Jonathan Morgan
How and why is there something rather than nothing? If that’s not an ultimate question, I don’t know what is. It’s also the driving question of the philosopher and theologian Robert Cummings Neville’s latest, and most ambitious, opus. This work, Ultimates, is not just ambitious in its question; it’s also incredibly ambitious in scope, as Neville looks at nearly every major religious tradition in depth.
The most surprising and refreshing part of this book is that it’s actually relevant to life. This is incredibly rare within modern philosophy, which is all too often just weird, dense, abstract reflections on itself. Instead, Neville dares to talk about goodness, beauty, and truth. He dares to recognize value. It’s crazy to have to call such a thing “daring,” but regrettably most of modern philosophy won’t touch these topics. Best of all, Neville doesn’t just talk about how we actually live – he brings as much data to bear on the question as possible. Like I said, it’s an ambitious book.

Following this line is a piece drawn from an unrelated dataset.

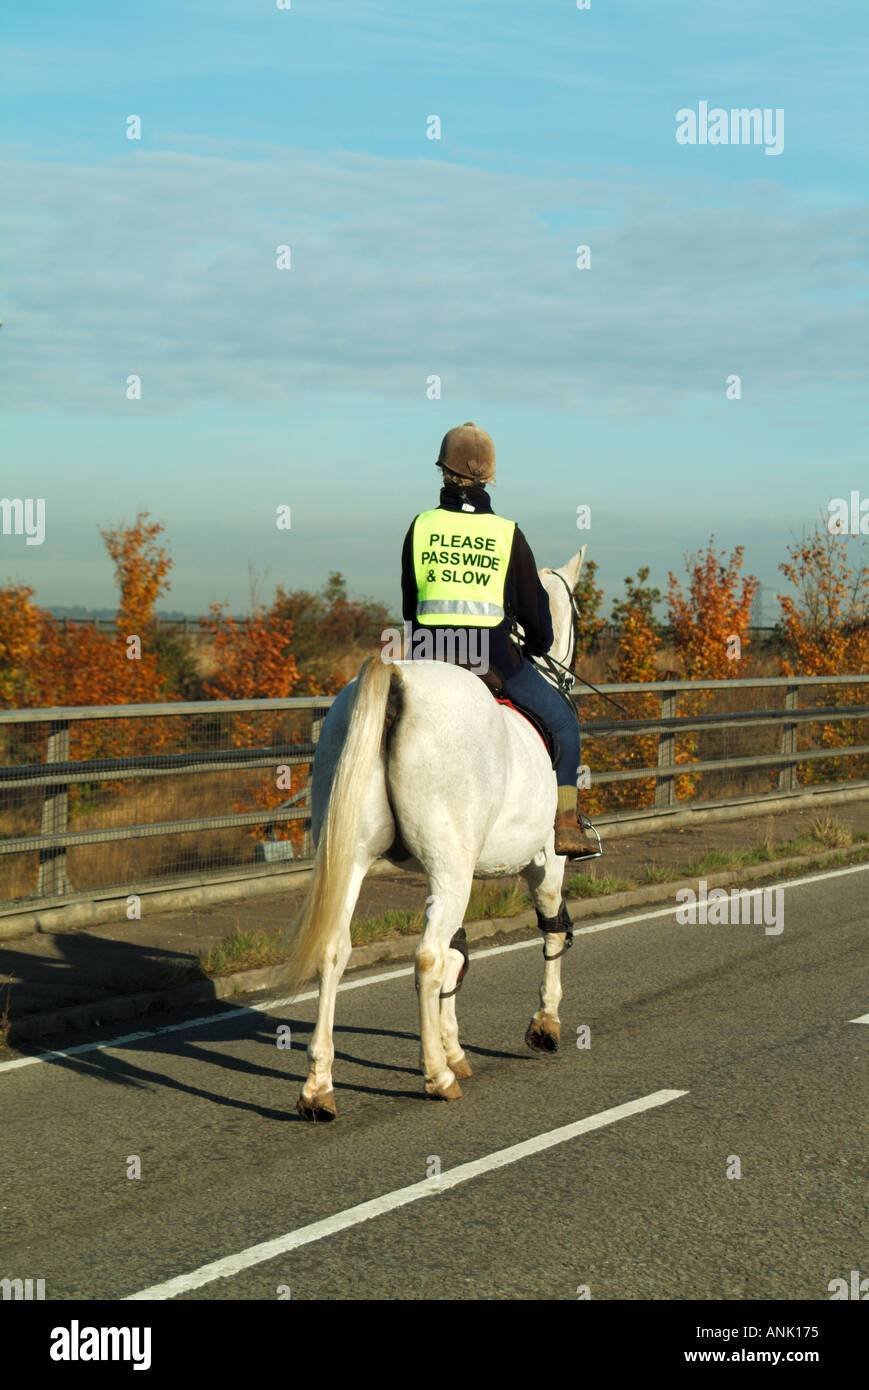 Alta viz vista posteriore della donna cavallo Cavaliere a ponte stradale sull'autostrada indossando alta visibilità vis giubbotto di sicurezza messaggio pass ampia e lento Essex England Regno Unito Foto Stock

So of course I can’t cover the whole thing. But here’s a snippet. Given the way the cosmos is, Neville argues that there are “ultimate” questions that we can’t help but run up against. They’re the problems that are inescapable – to opt out of answering them is itself an answer. They’re also the sorts of problems that nearly all religions have built solutions to address. That’s not to say the solutions are all the same – they tend to range across the imaginable spectrum. It’s simply to say that even radically different solutions are aimed at answering the same questions – the ultimate questions.